- **Dataset content**
____________________
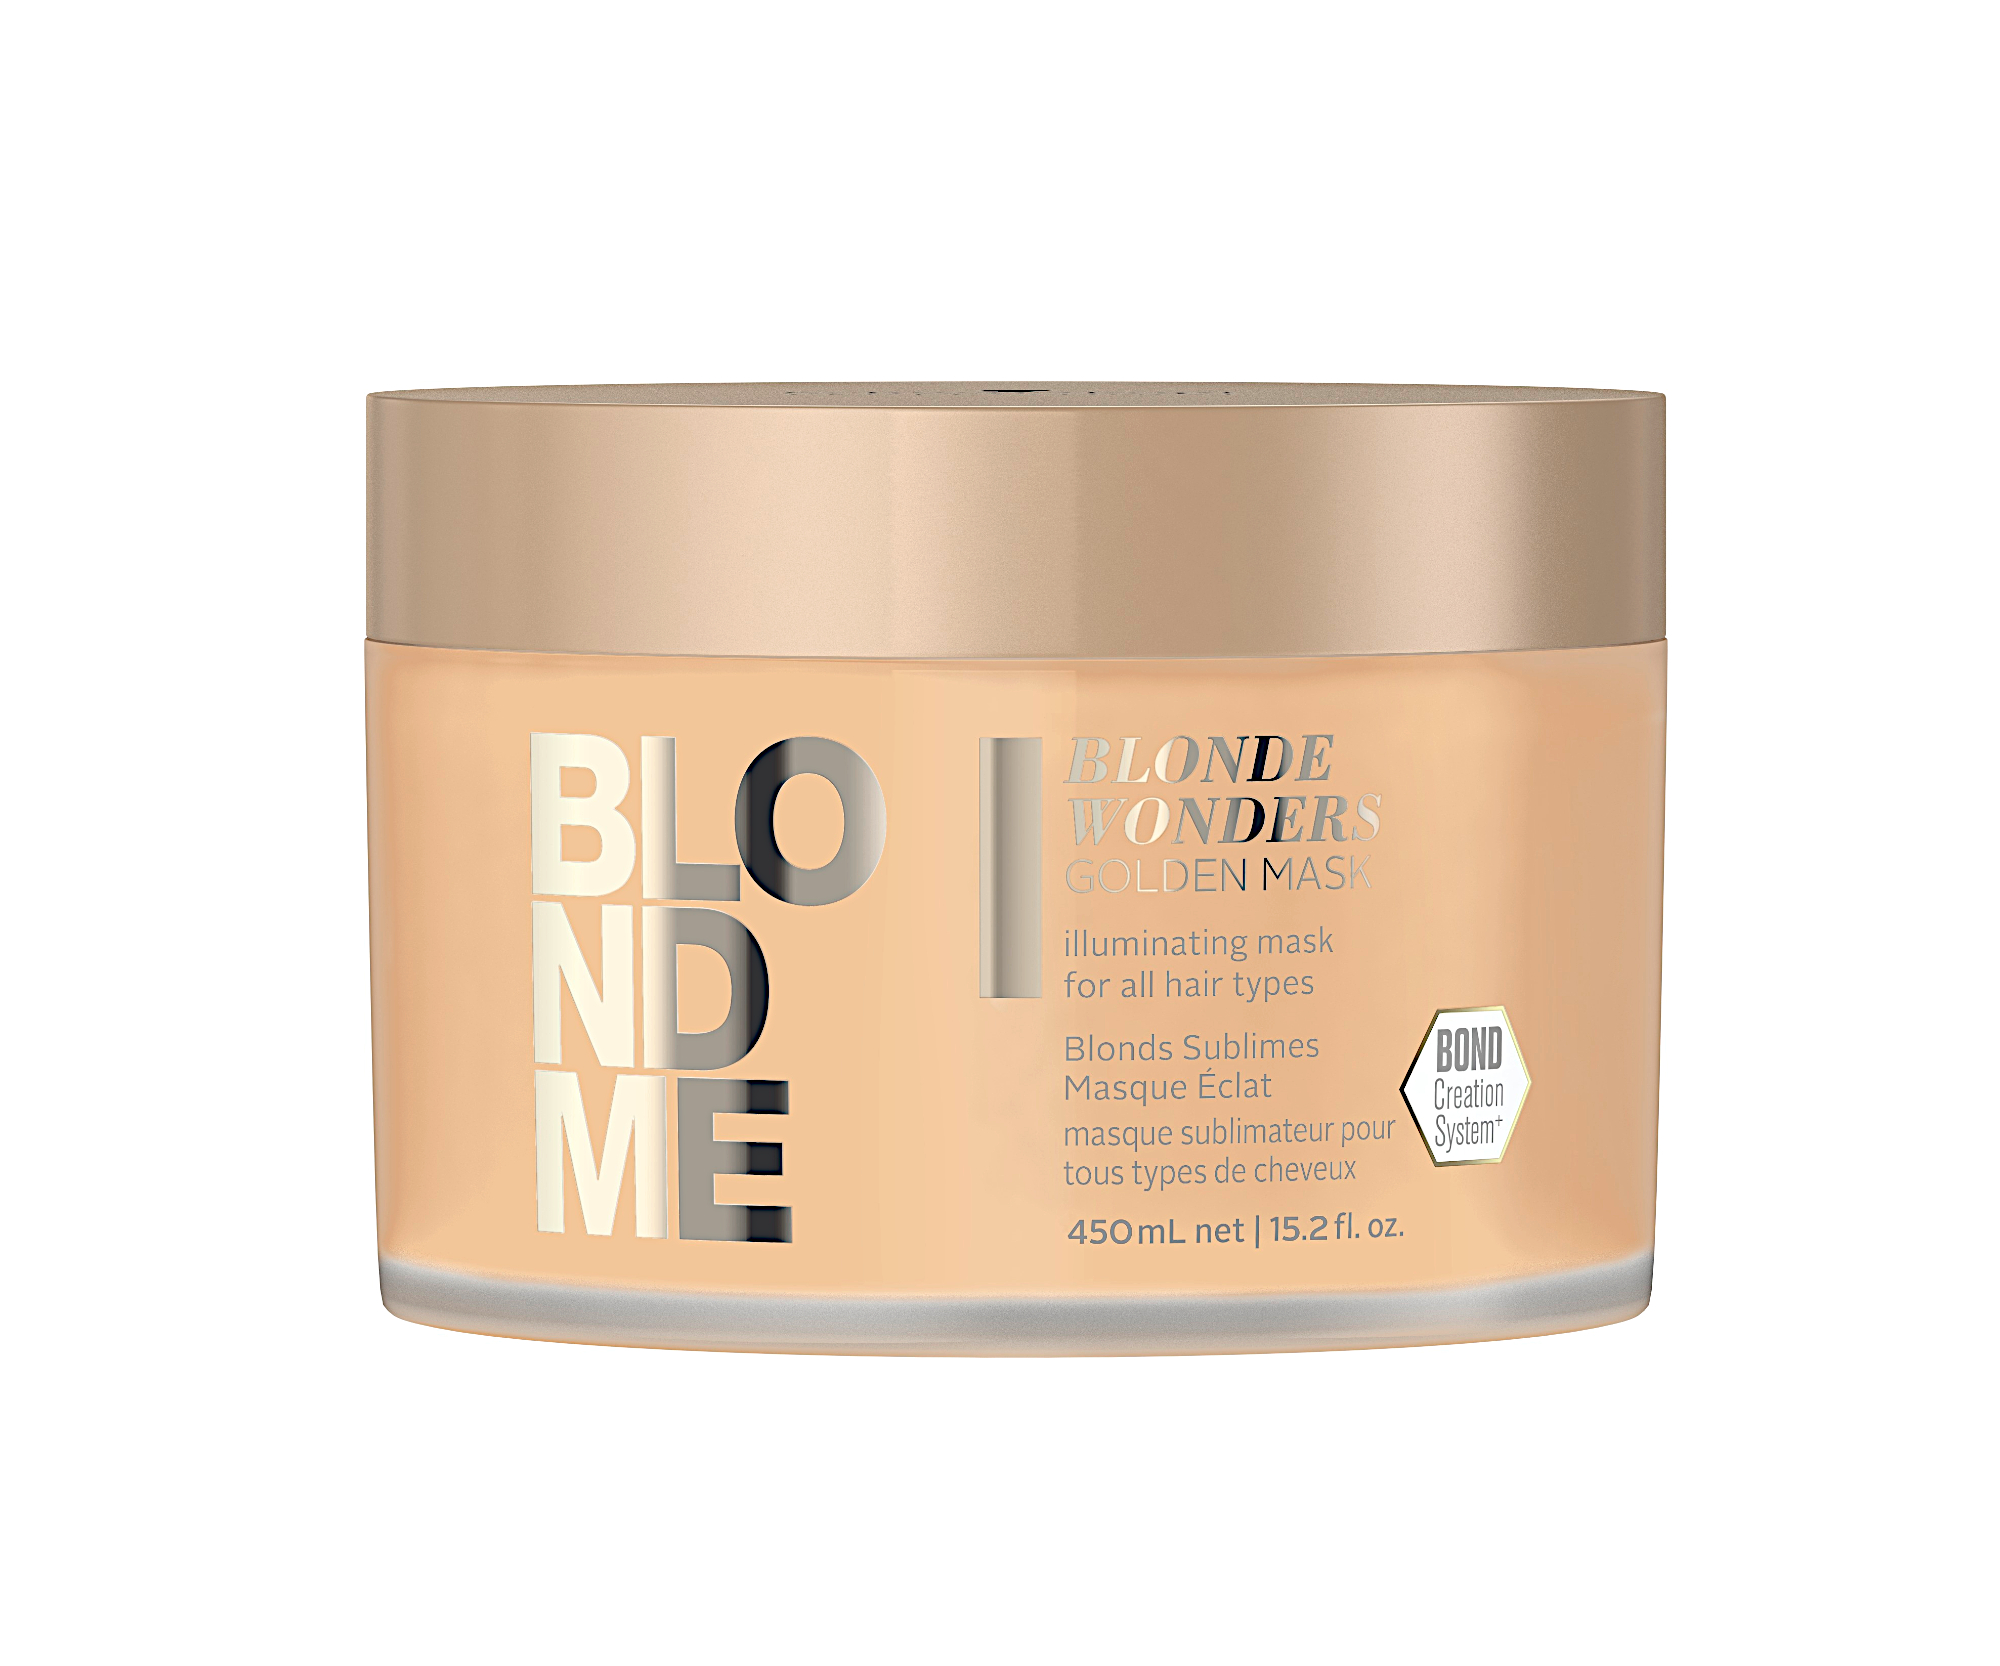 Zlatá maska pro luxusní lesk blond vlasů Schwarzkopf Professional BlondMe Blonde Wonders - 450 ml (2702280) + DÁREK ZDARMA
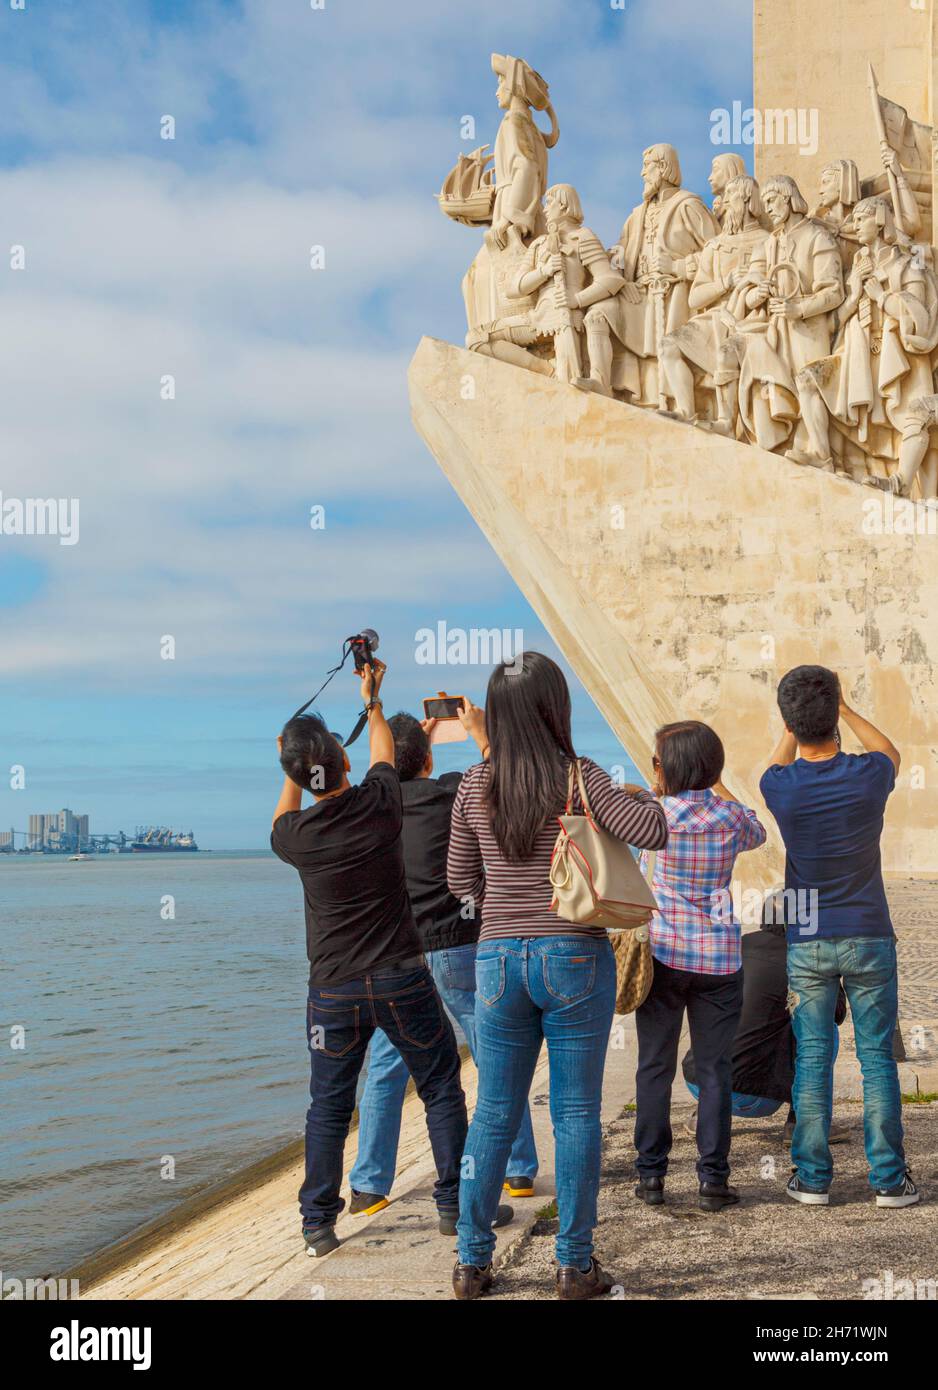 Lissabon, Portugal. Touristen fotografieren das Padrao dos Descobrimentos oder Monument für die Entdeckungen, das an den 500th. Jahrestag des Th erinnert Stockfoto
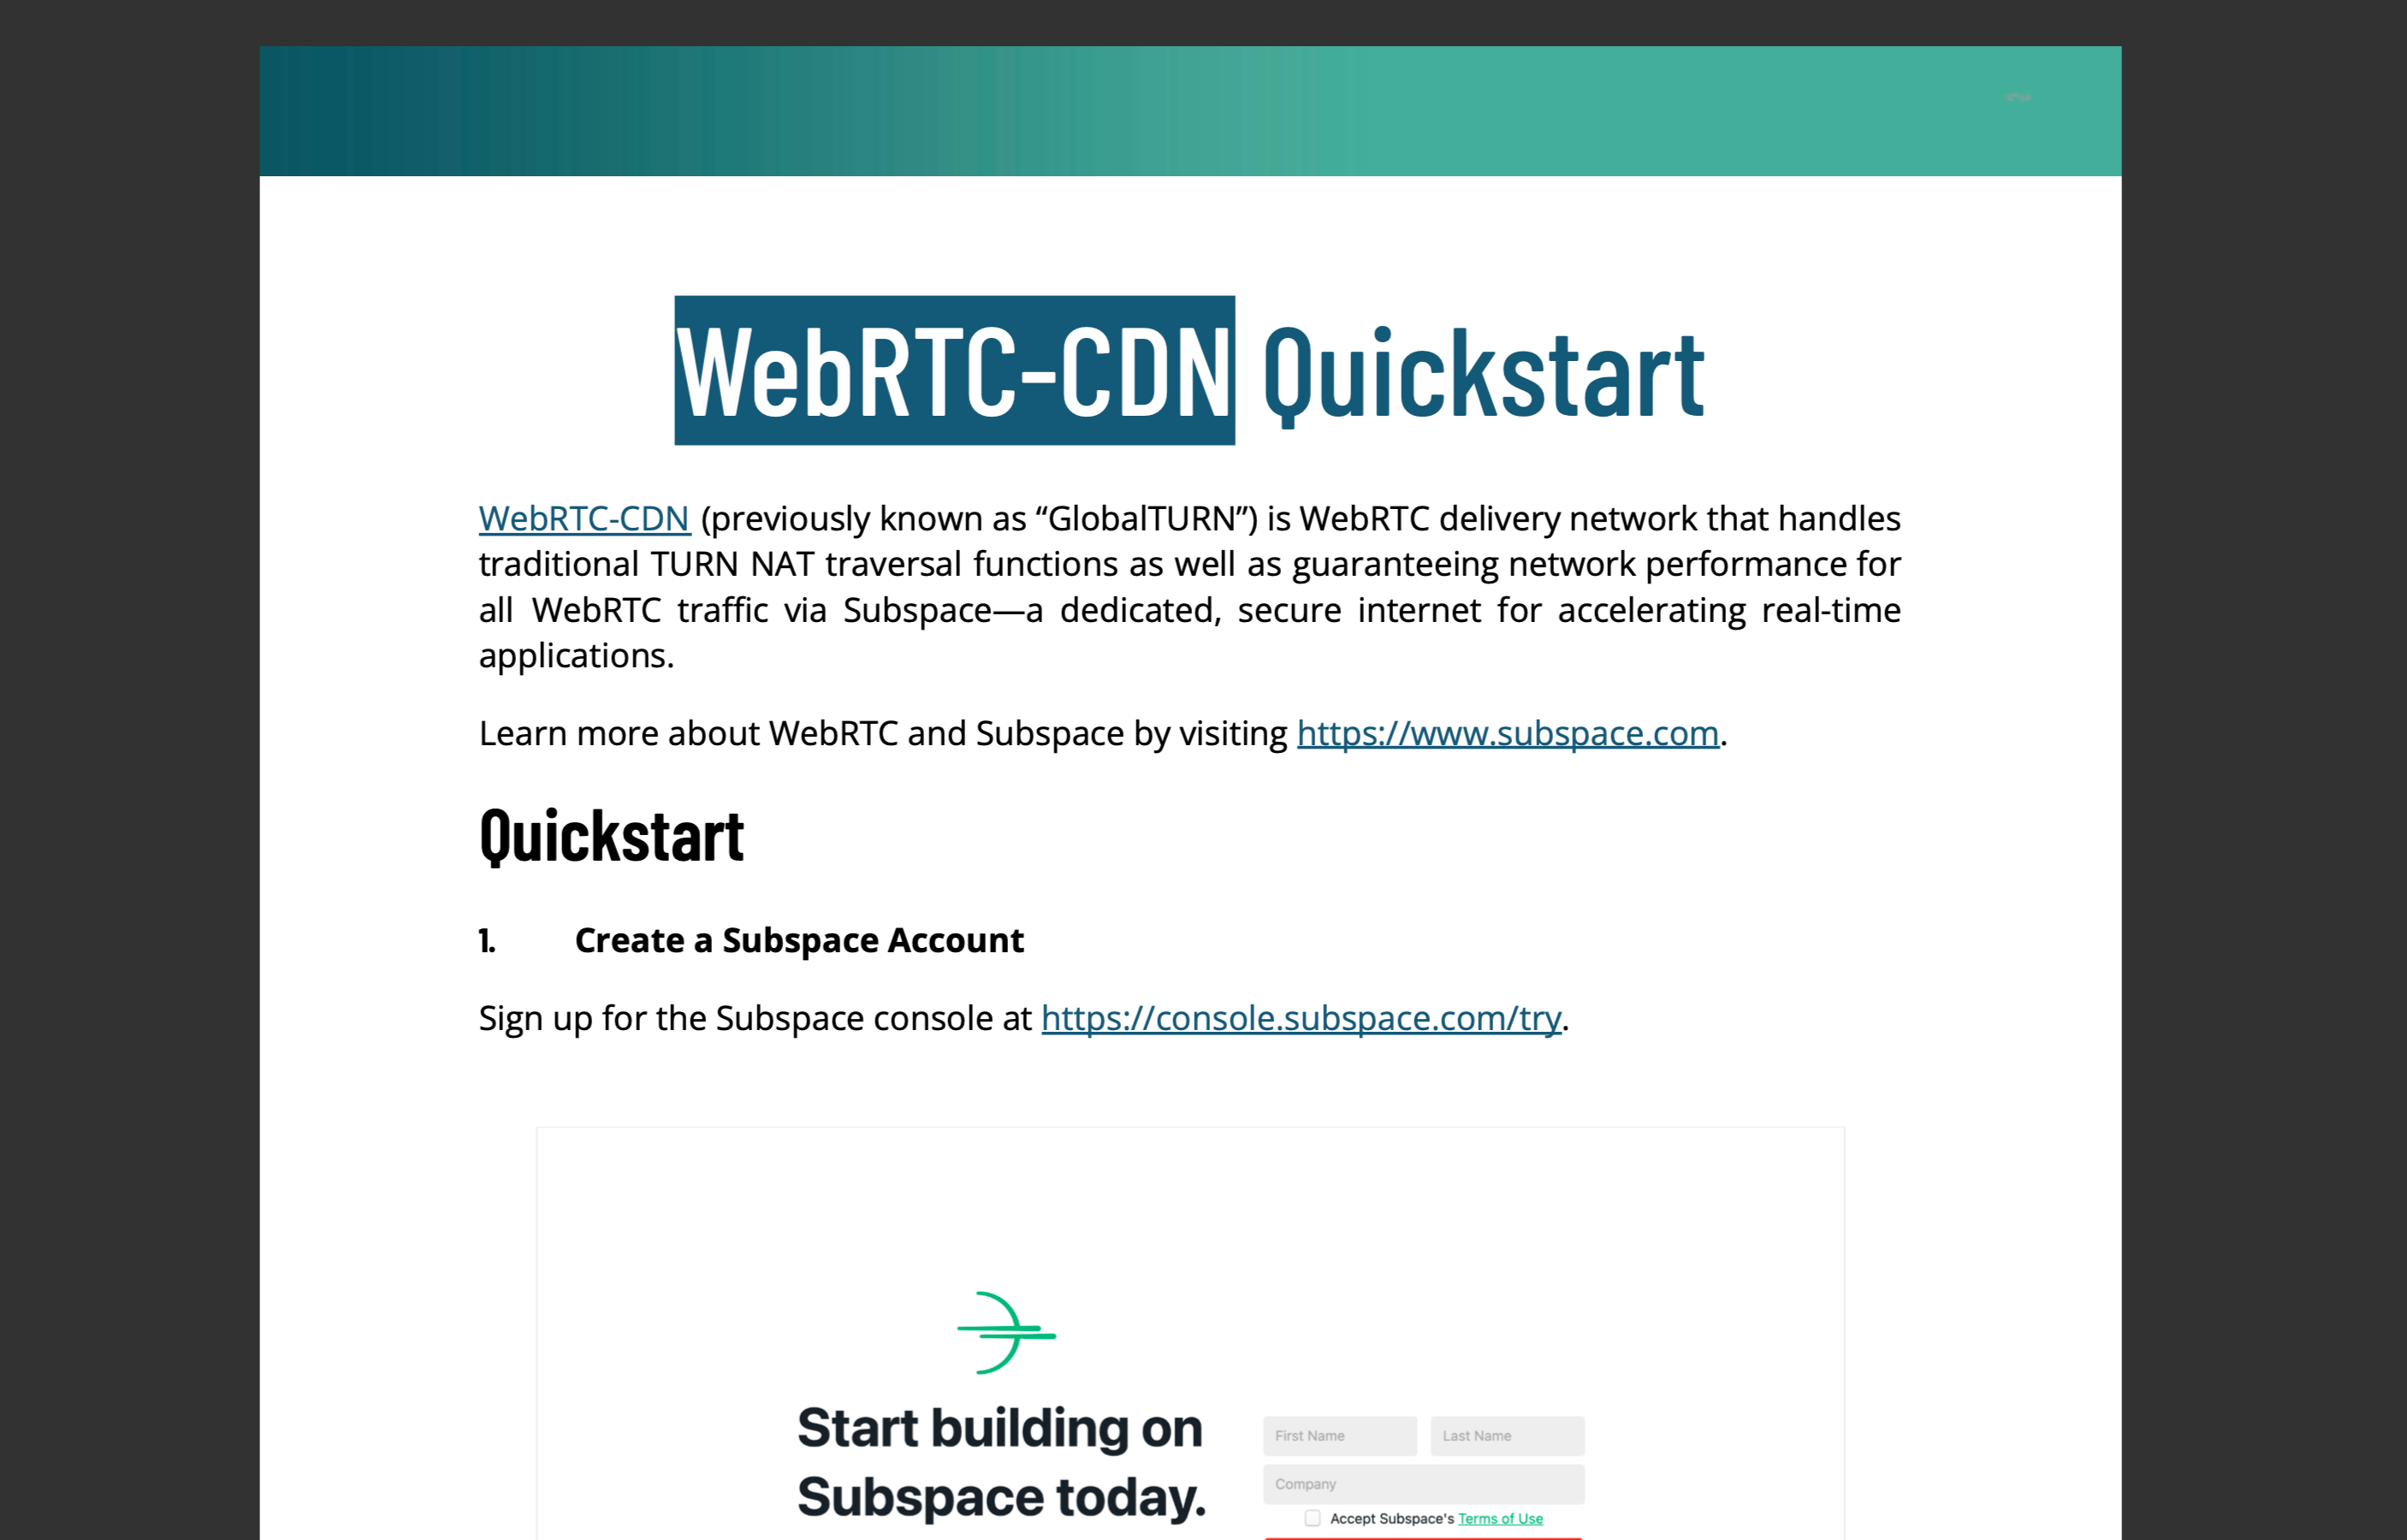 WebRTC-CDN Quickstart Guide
____________________
Every line above should be copied exactly, apart from any pictures.

 Zlatá maska pro luxusní lesk blond vlasů Schwarzkopf Professional BlondMe Blonde Wonders - 450 ml (2702280) + DÁREK ZDARMA
 Lissabon, Portugal. Touristen fotografieren das Padrao dos Descobrimentos oder Monument für die Entdeckungen, das an den 500th. Jahrestag des Th erinnert Stockfoto
 WebRTC-CDN Quickstart Guide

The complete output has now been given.